# THE DATA:

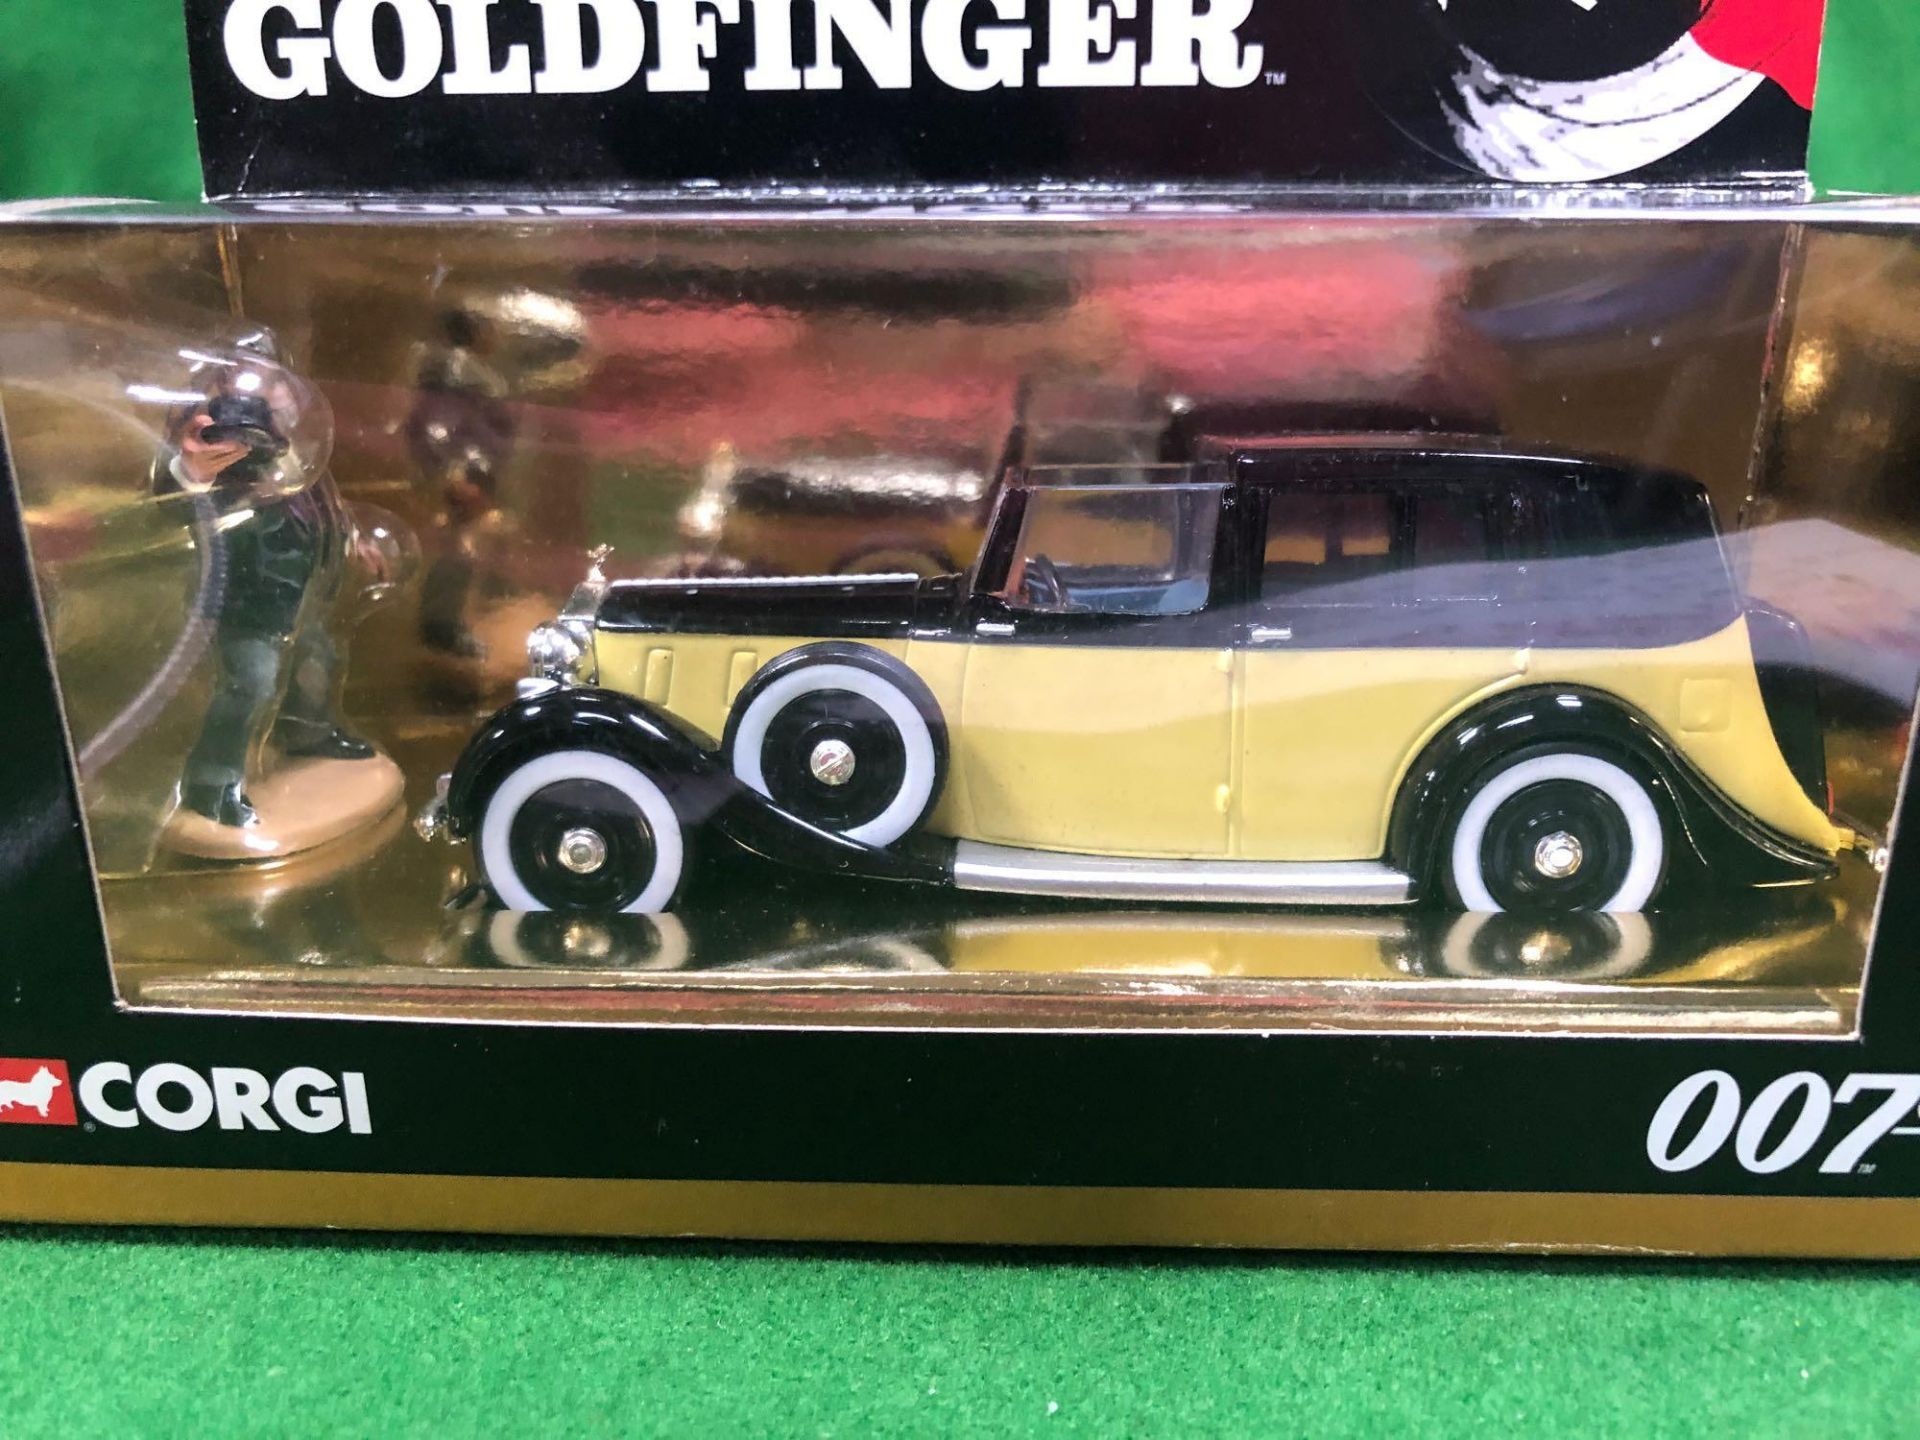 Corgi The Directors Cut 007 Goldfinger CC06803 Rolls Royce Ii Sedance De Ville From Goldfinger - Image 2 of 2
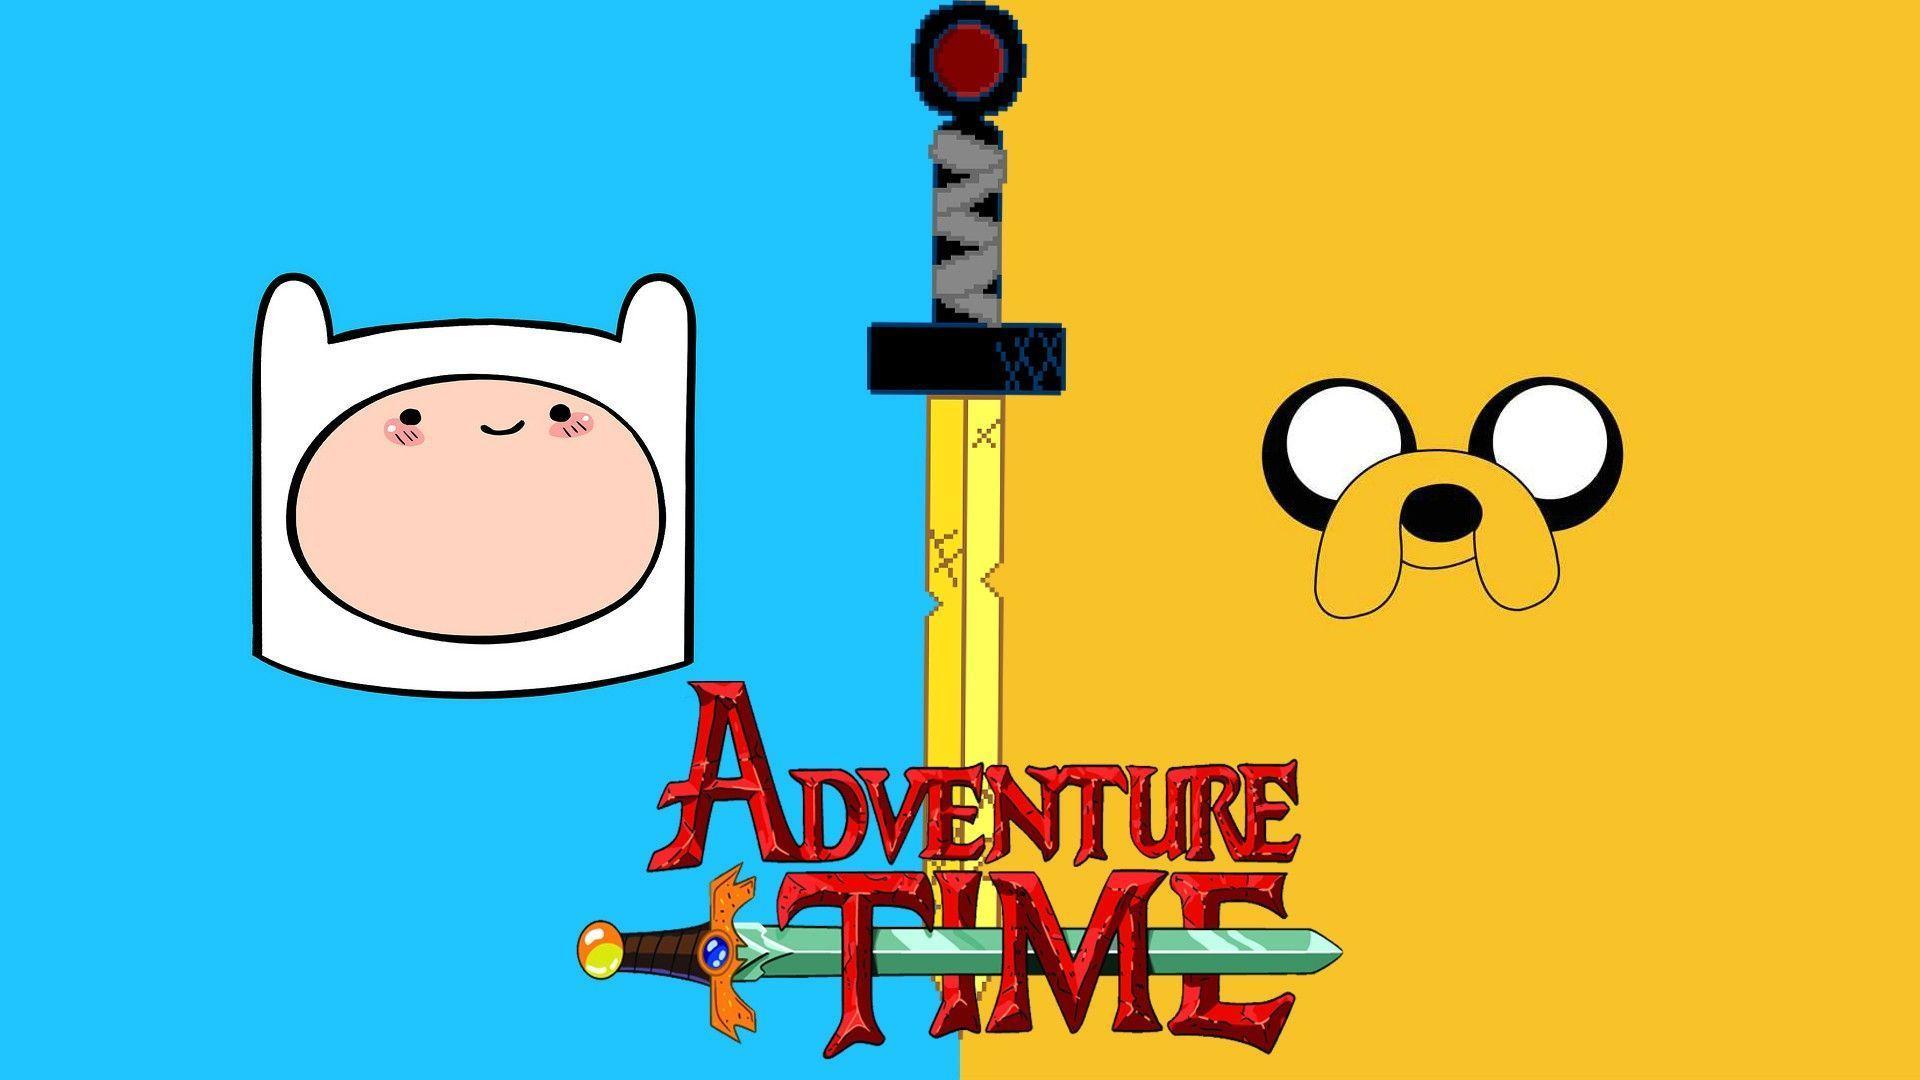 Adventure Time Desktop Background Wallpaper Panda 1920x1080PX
==
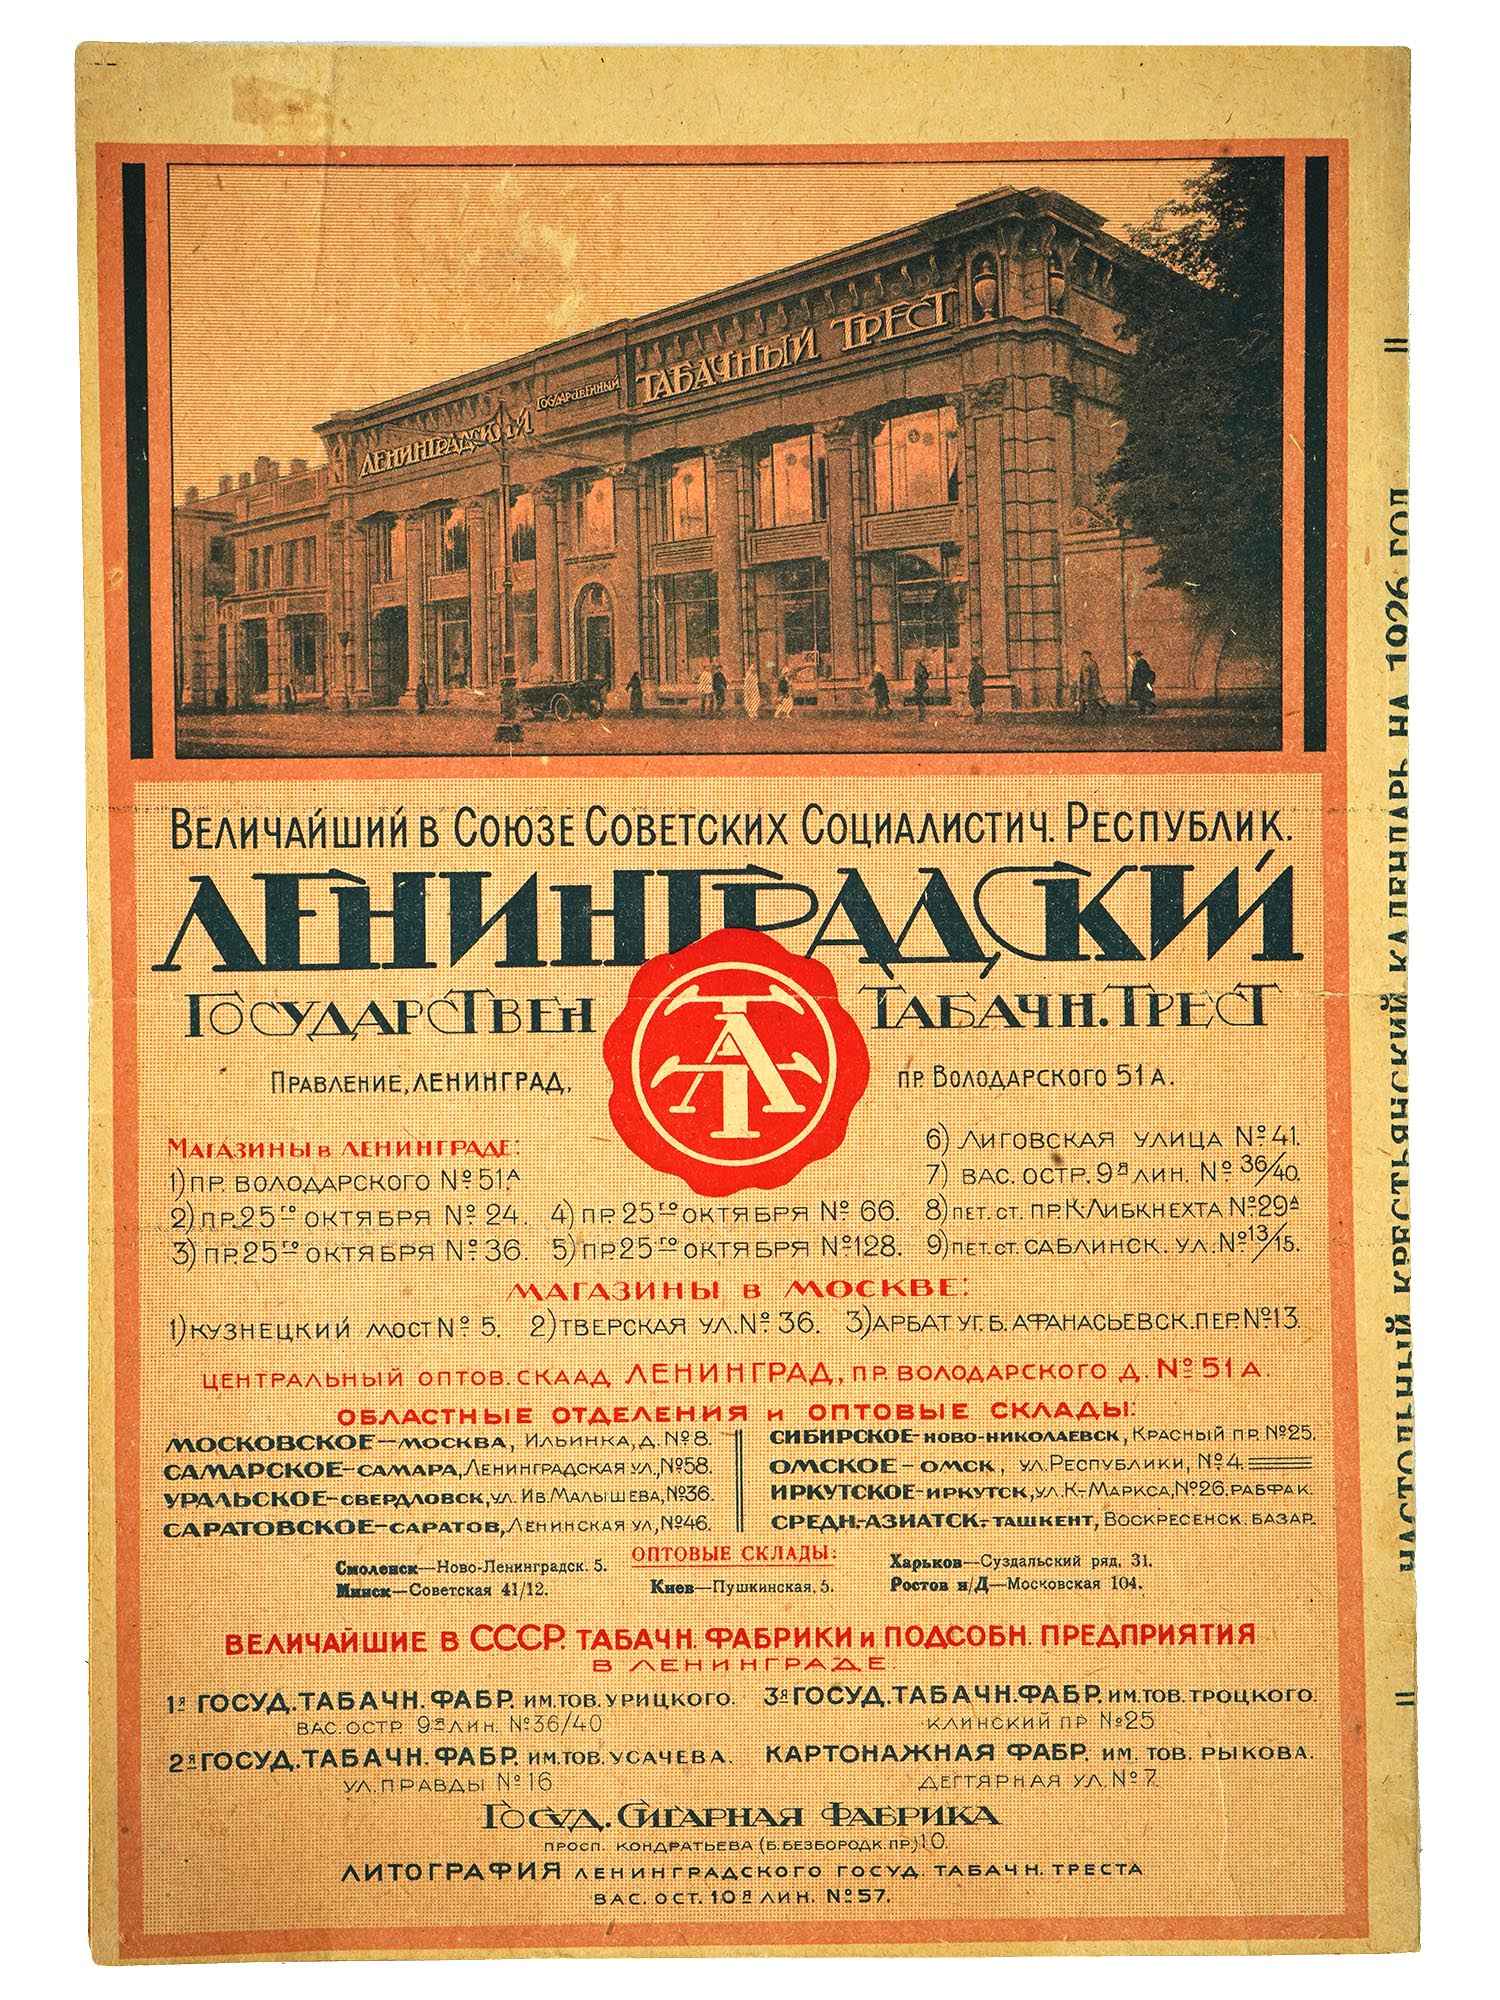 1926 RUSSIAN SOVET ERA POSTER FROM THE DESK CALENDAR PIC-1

# PROBLEM DESCRIPTION:
Output exactly the lines above that lie between the line with "Corgi The Directors" and the line with "Adventure Time Desktop", those two lines included, and no pictures.

# TASK SOLUTION:
 Corgi The Directors Cut 007 Goldfinger CC06803 Rolls Royce Ii Sedance De Ville From Goldfinger - Image 2 of 2
 Adventure Time Desktop Background Wallpaper Panda 1920x1080PX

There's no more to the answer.